---------- DATASET SECTION ----------

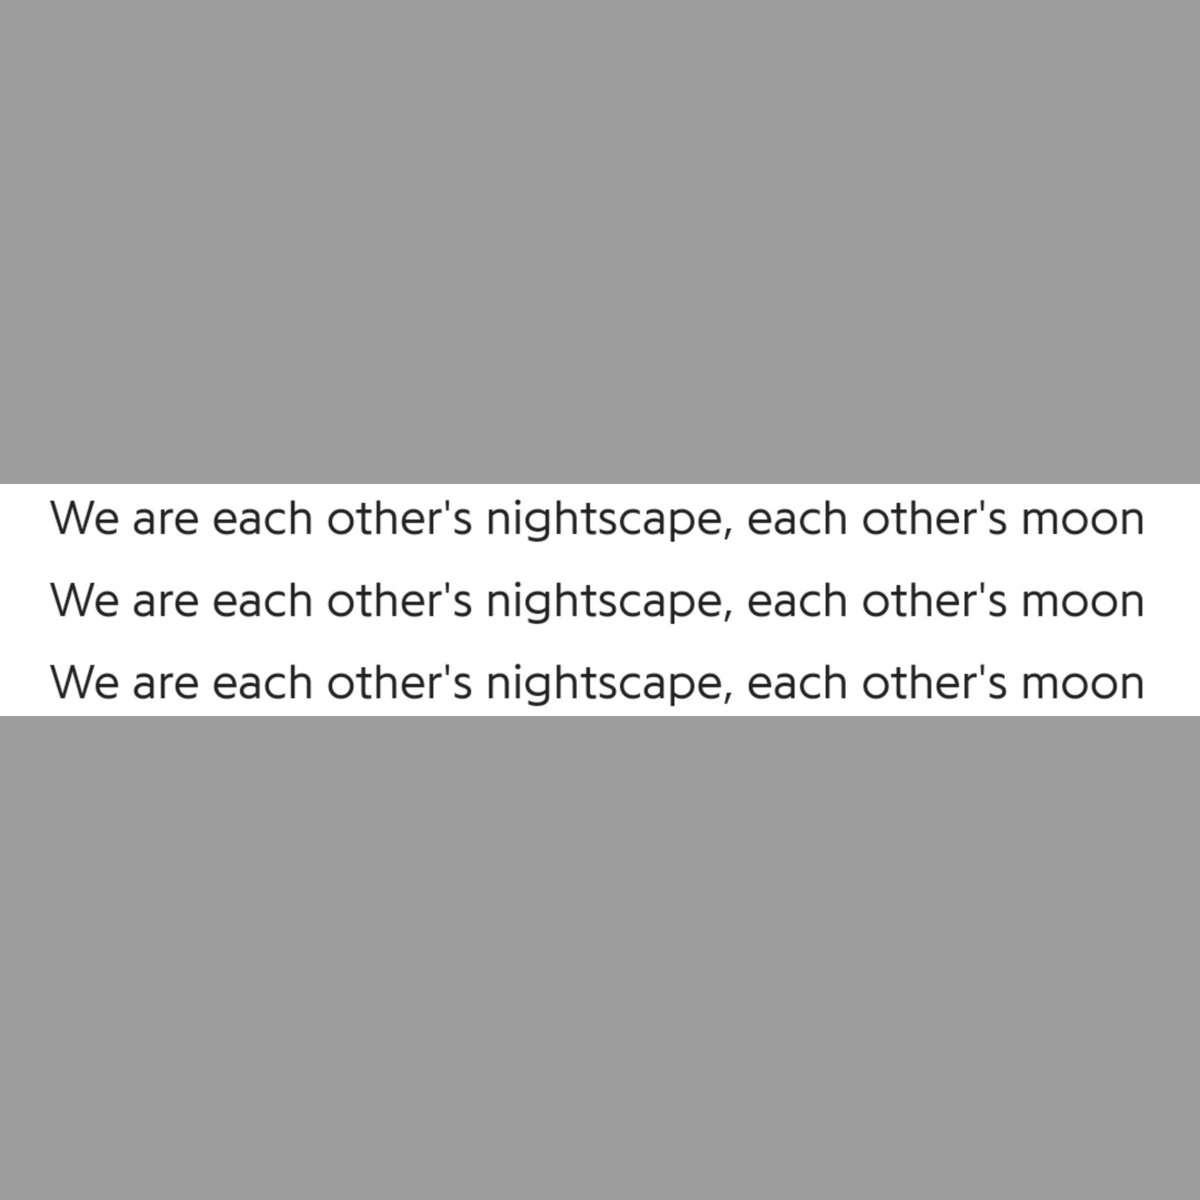 Each other's strength n support, our darkness is mutual, so we gotta support each other when self support doesn't suffice, until we eventually become strong, to be there for ourselves. He is comforting us moonchilds that we will rise n shine when the moon rises, that we+
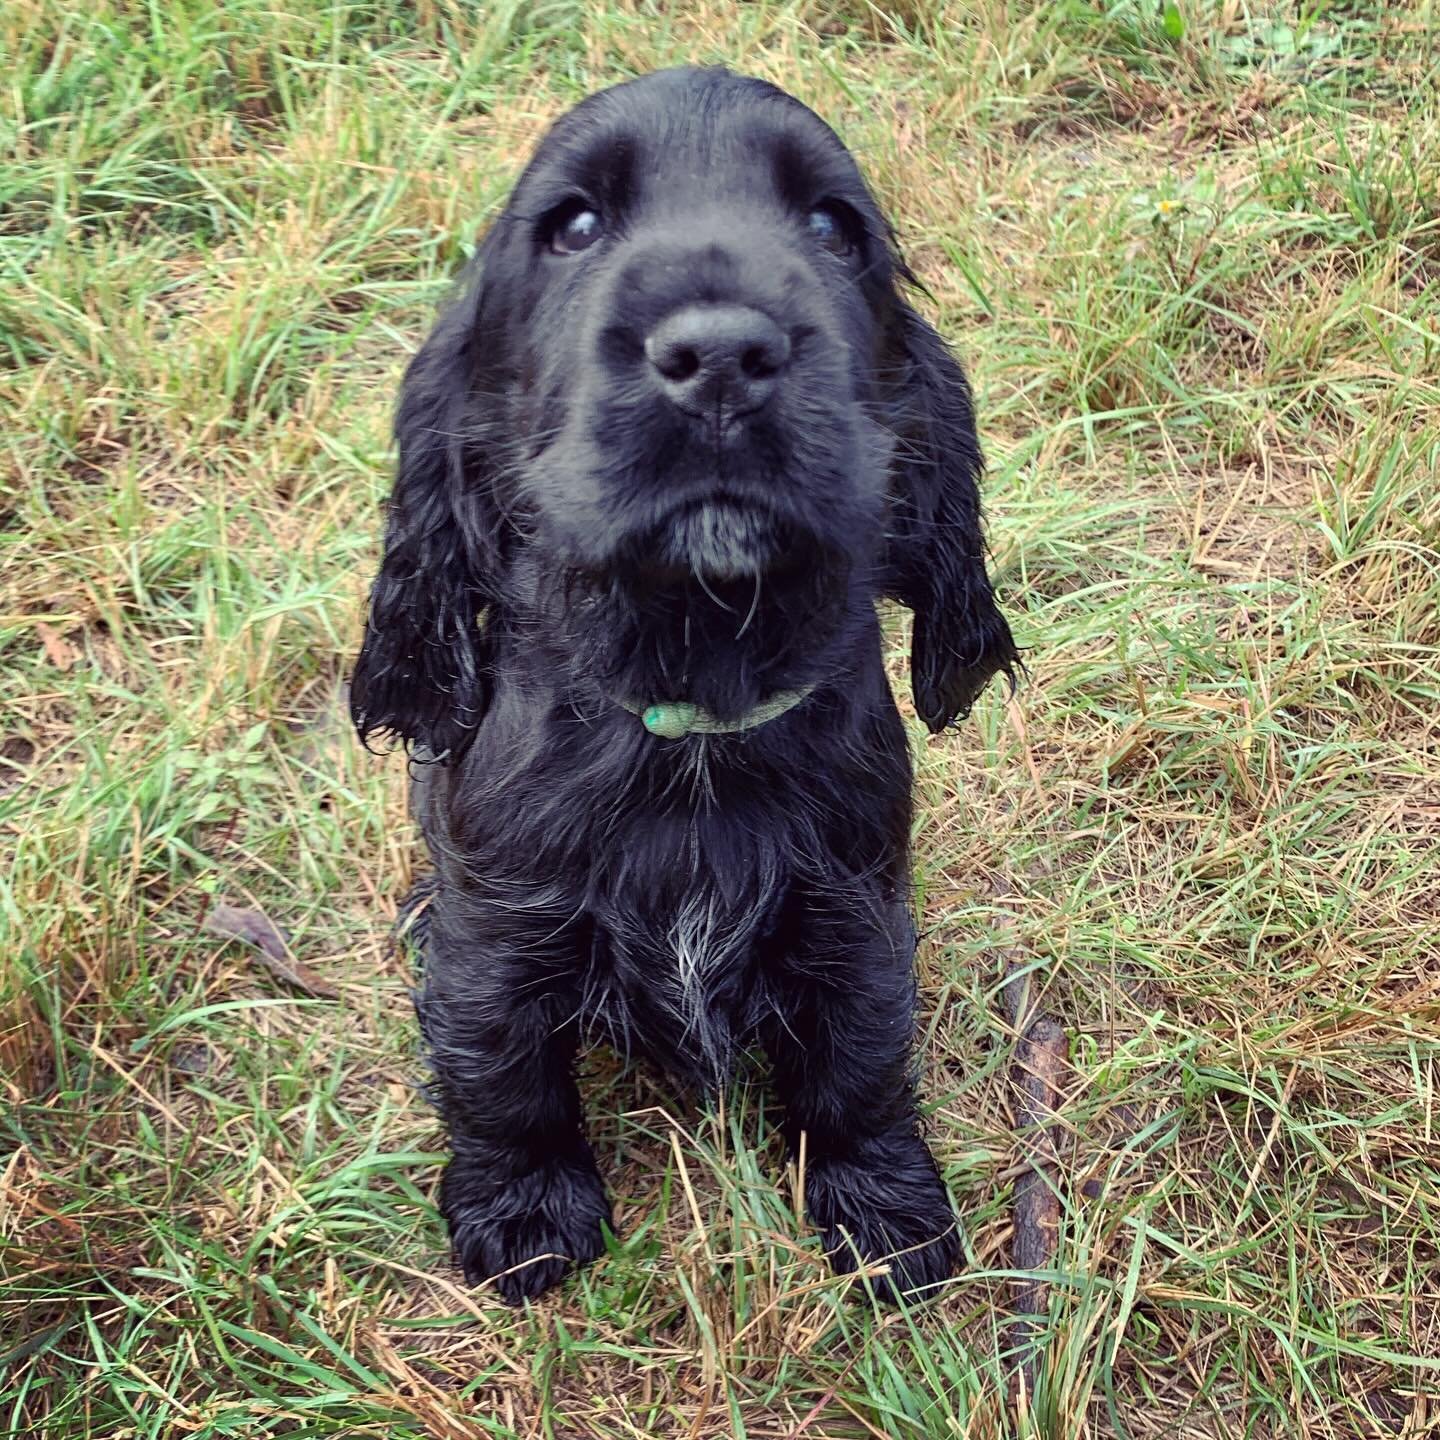 Last cocker spaniel puppy available, everyone else has been snapped up !! Beautiful little boy, utterly perfect. Vaxxed, microchipped, parents health tested, he&rsquo;s the whole package 🥰🥰 Inbox me ! 

#dogsofinstagram #doggo #dog #puppiesofinstag
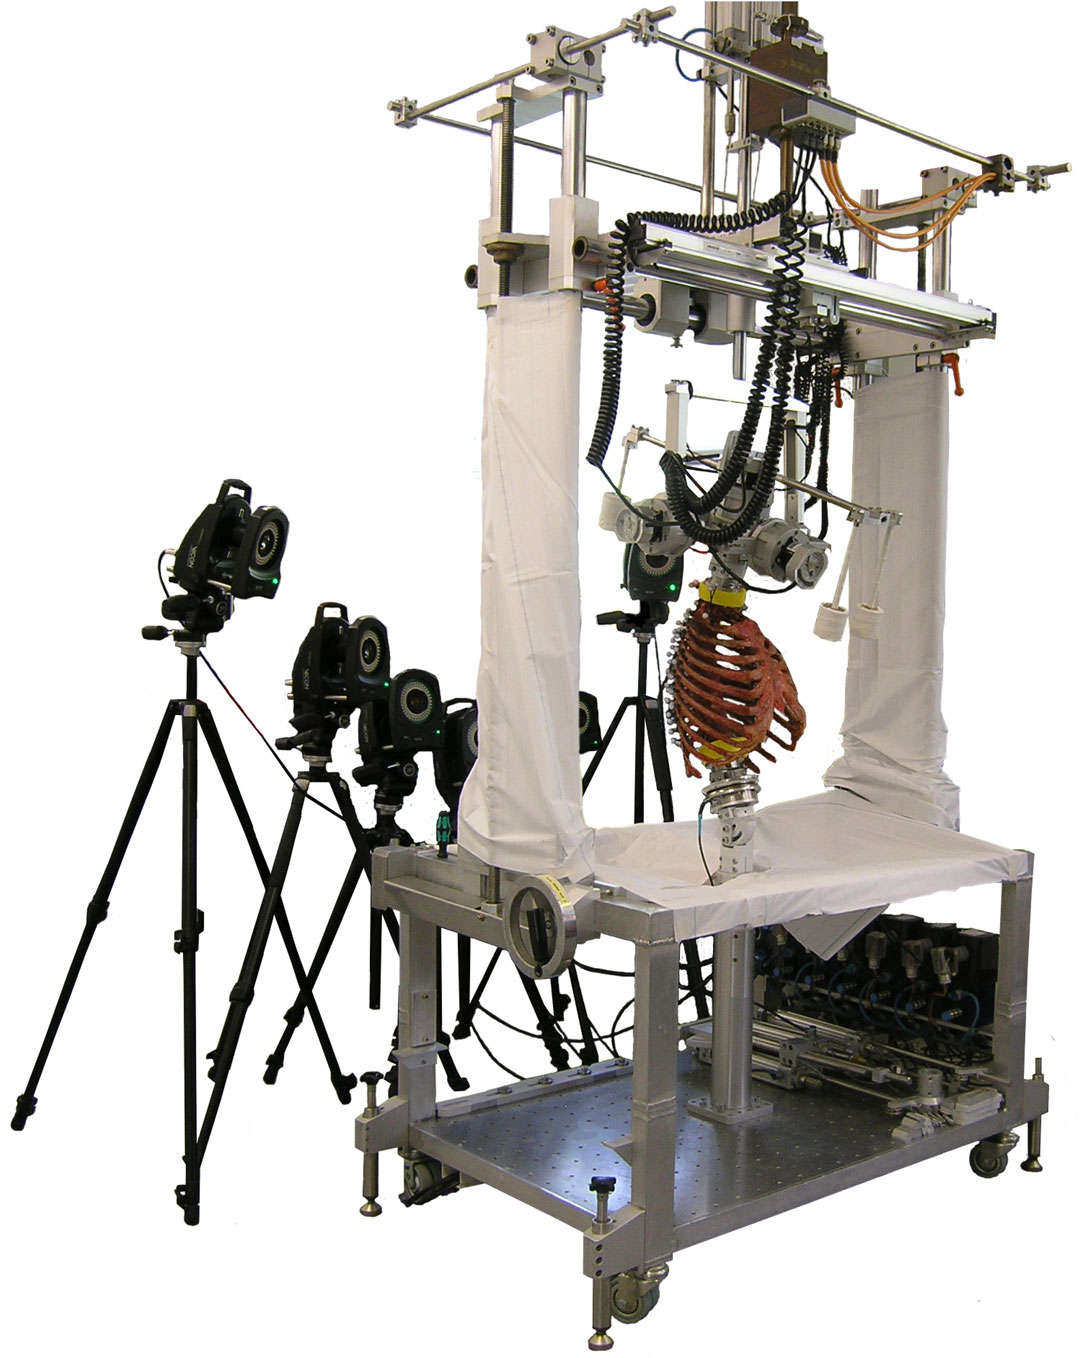 Human thorax in the experimental setup. Image from the article

----------

• _AIM OF THE TASK_
Copy exactly the lines running from the beginning of the listing through the line that has "Last cocker spaniel". Drop the pictures.

• _RESPONSE AREA_
 Each other's strength n support, our darkness is mutual, so we gotta support each other when self support doesn't suffice, until we eventually become strong, to be there for ourselves. He is comforting us moonchilds that we will rise n shine when the moon rises, that we+
 Last cocker spaniel puppy available, everyone else has been snapped up !! Beautiful little boy, utterly perfect. Vaxxed, microchipped, parents health tested, he&rsquo;s the whole package 🥰🥰 Inbox me ! 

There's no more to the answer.